ペギーのいうとおりだ。アーサーはこれまで何十頭と保護した動物を野生に帰している。なにもハニーが初めてじゃない。

ただ、今までよりうまくいってないだけだ。


「ハニーが親離れできそうにないの?あなたが子離れできないのかしら。それとも両方?全く困った恋人たちね」


アーサーは苦笑いし、首を傾げて見せた。


本当にどっちなんだろうな。自分はヒョウとしてのハニーの生涯を潰していないか。だが今更どこぞの野に放し置いていくなど、そんな無責任なことが出来るものか。

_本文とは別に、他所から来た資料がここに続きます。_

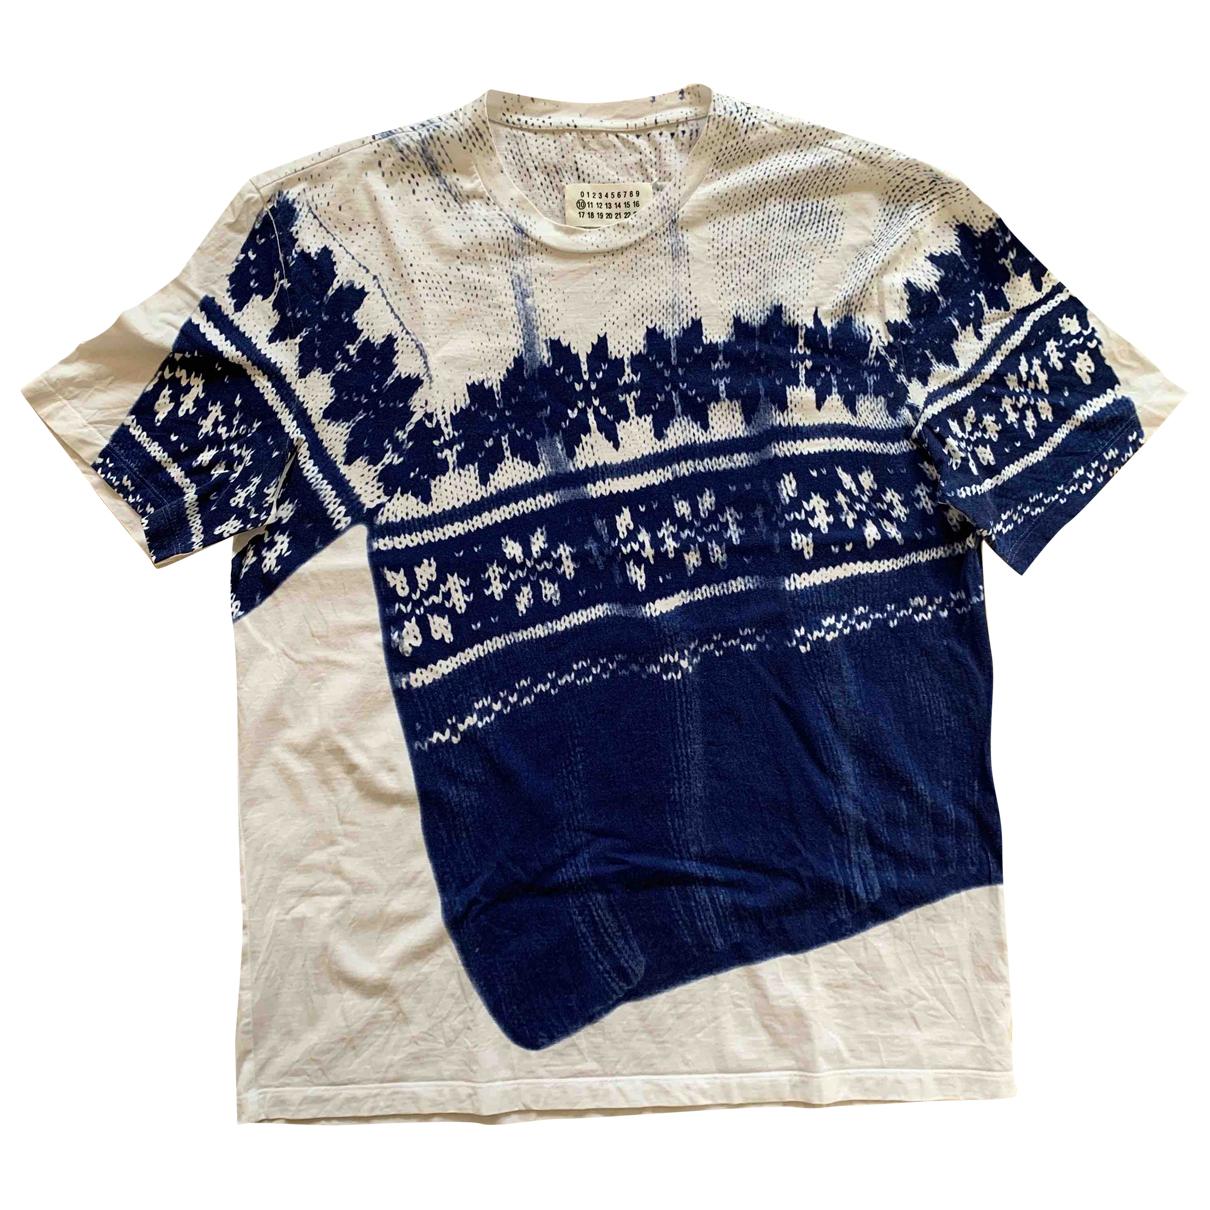 Maison Martin Margiela N White Cotton T-shirts for Men S International

「そういえば、また本部に日本から寄付金が送られてきたの」


アーサーの思考を打ち消したのはペギーの少しいぶかしむような声だった。


「ずっと同じ、このキタニさんという方から……もらい過ぎといっていいくらいの額なのよ」


「きっと金が余っているんだろう。いい使い道じゃないか」


「こんなに悪いわ」


「知っているかペギー、日本人というのは個人の資産額が最も多いそうだ。ありがたくもらっておけばいい。それより君のところにちゃんと分配されているんだろうな?」


「ええそれは大丈夫。各地の保護センターにきちんと振り分けられることが寄付金を使用する際の条件だもの」


「そうか。それはなによりだ。人間という種には掠め取りのプロがいるからな」


「私たちはちゃんとルールを守っているわよ」


心外だというようにペギーは笑った。

なにも知らずに日々を生きている者の笑顔だった。

いずれその多額の寄付は途絶えるだろう。それは仕方のないことだ。

我々は行動を起こさねばならないのだから。



「またくるよペギー、元気で」


「次こそはおめでたいニュースが聞きたいわアーサー」


ペギーに見送られアーサーは彼女の保護センターを後にした。しばらくハニーのことを考え、それから音哉とジョージのことを考えた。そしてジェイコブ。


皆それぞれうまくやるだろう。きっとアーサーがいてもいなくても。アーサーは彼らの素質に気付いただけで未来までは決めれないのだから。

なにが起こるか見当がついていてもそれはアーサーが目論んだわけではない。

 







アーサーは森へ行く。ハニーからのざらざらとした抱擁を受け、一緒に狩りに出かける。ハニーが獲物を食べる横でアーサーはハンターの頭を打ち抜く。アーサーがパソコンに向かっている横でハニーは毛づくろいをする。



〈全ての原動力は怒り、怒りの感情を忘れるな〉



アーサーは音哉のこの歌詞がとても気に入っていた。

いつか、自分の目で、歌う彼の姿が見たいものだと思ったが、それは一生叶わないということを誰よりも知っていた。